Assigned task »
Find the line with "Le impronte sul" in the data below. Repeat it and every line after it up to the end, exactly, but drop the pictures.
┌─ Data
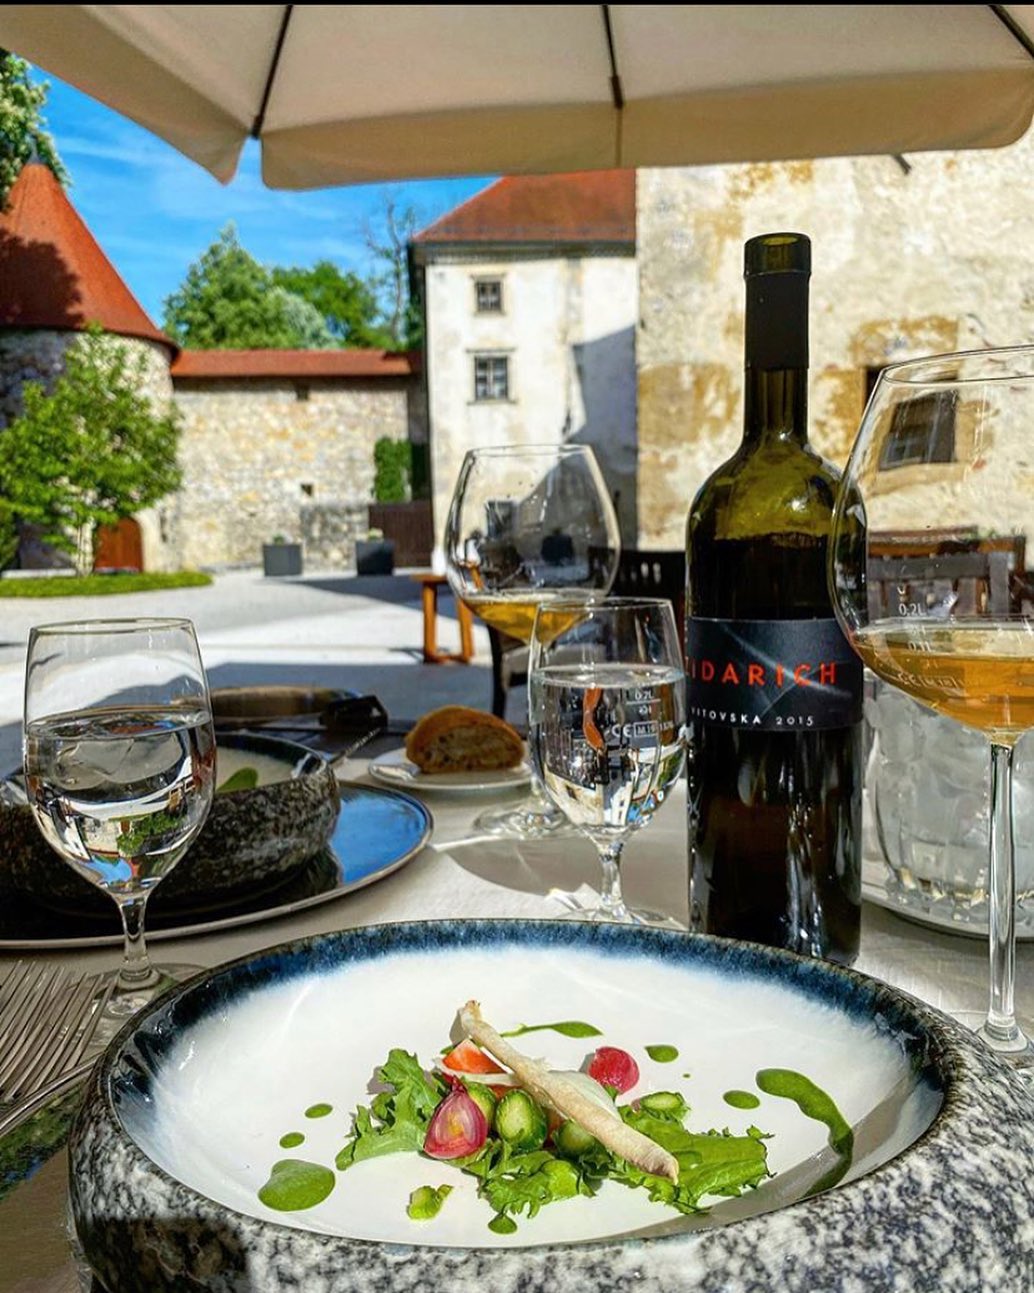 Grad Otočec, el castillo medieval hotel y restaurante en Eslovenia
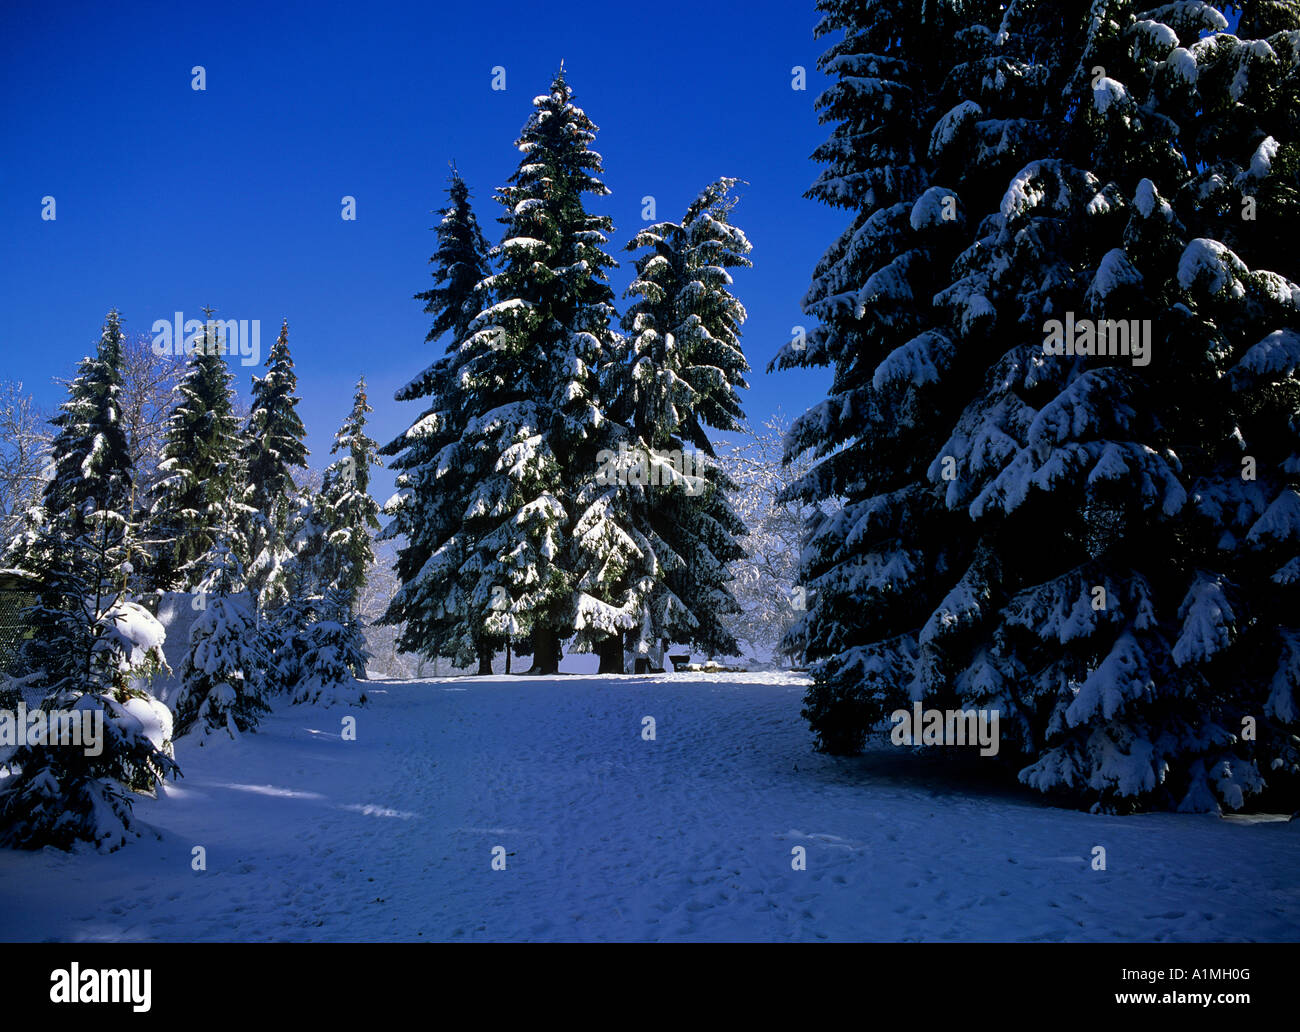 Le impronte sul percorso snowcovered nei giardini pubblici Foto Stock
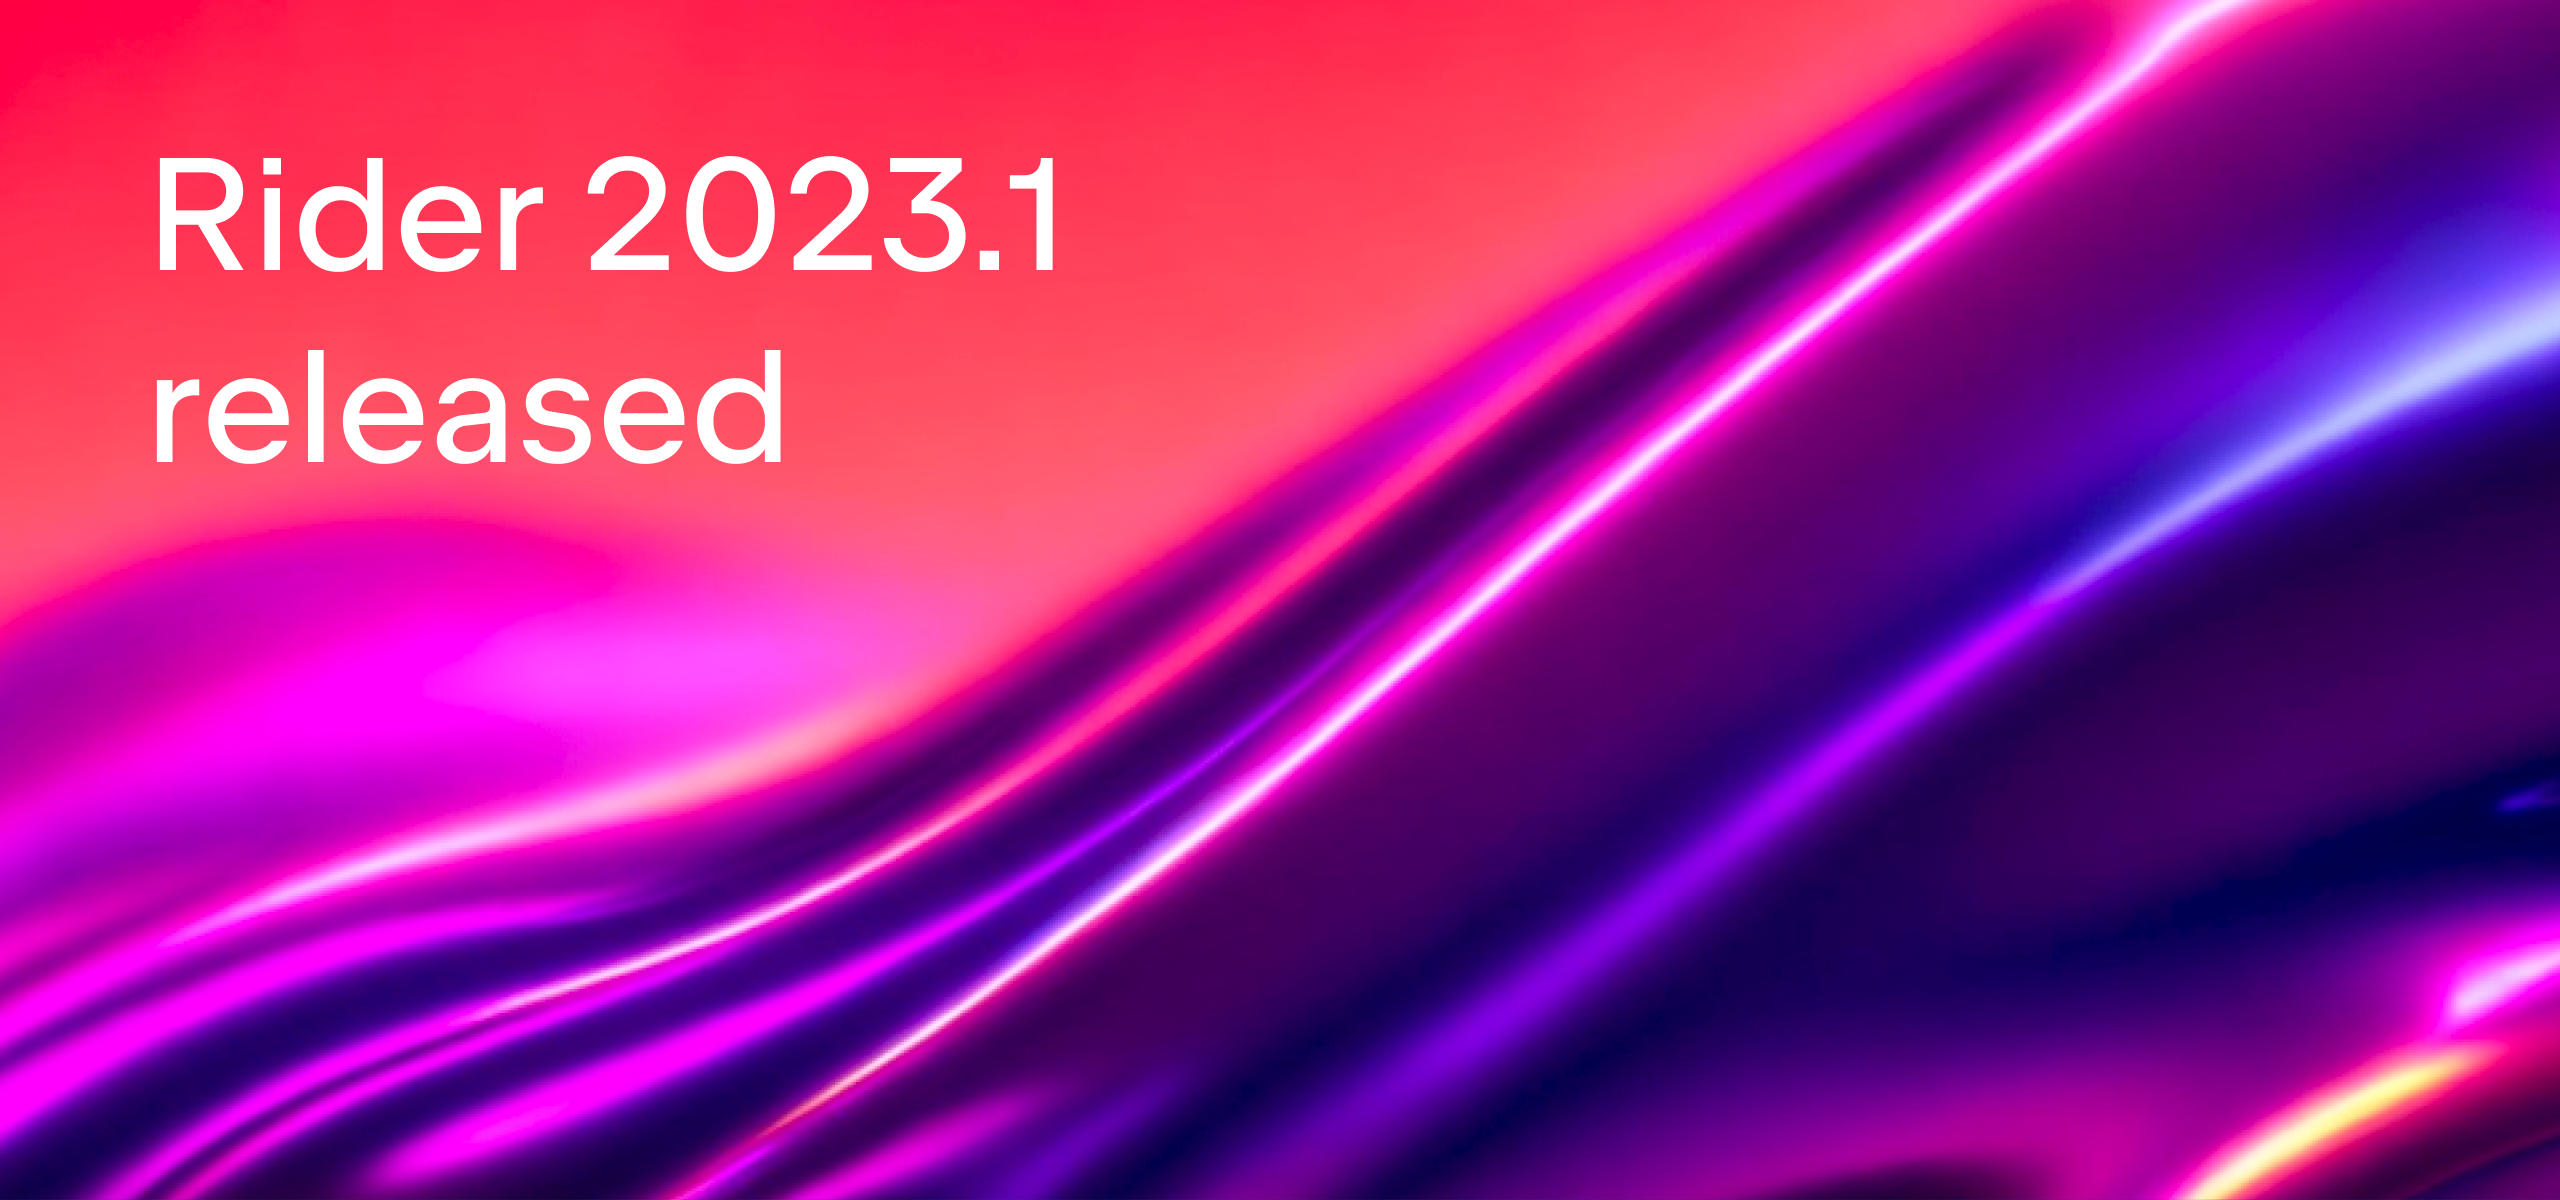 简单易用的Mac跨平台.NET开发工具：JetBrains Rider 2023，永久版下载
└─
Finished exercise »
 Le impronte sul percorso snowcovered nei giardini pubblici Foto Stock
 简单易用的Mac跨平台.NET开发工具：JetBrains Rider 2023，永久版下载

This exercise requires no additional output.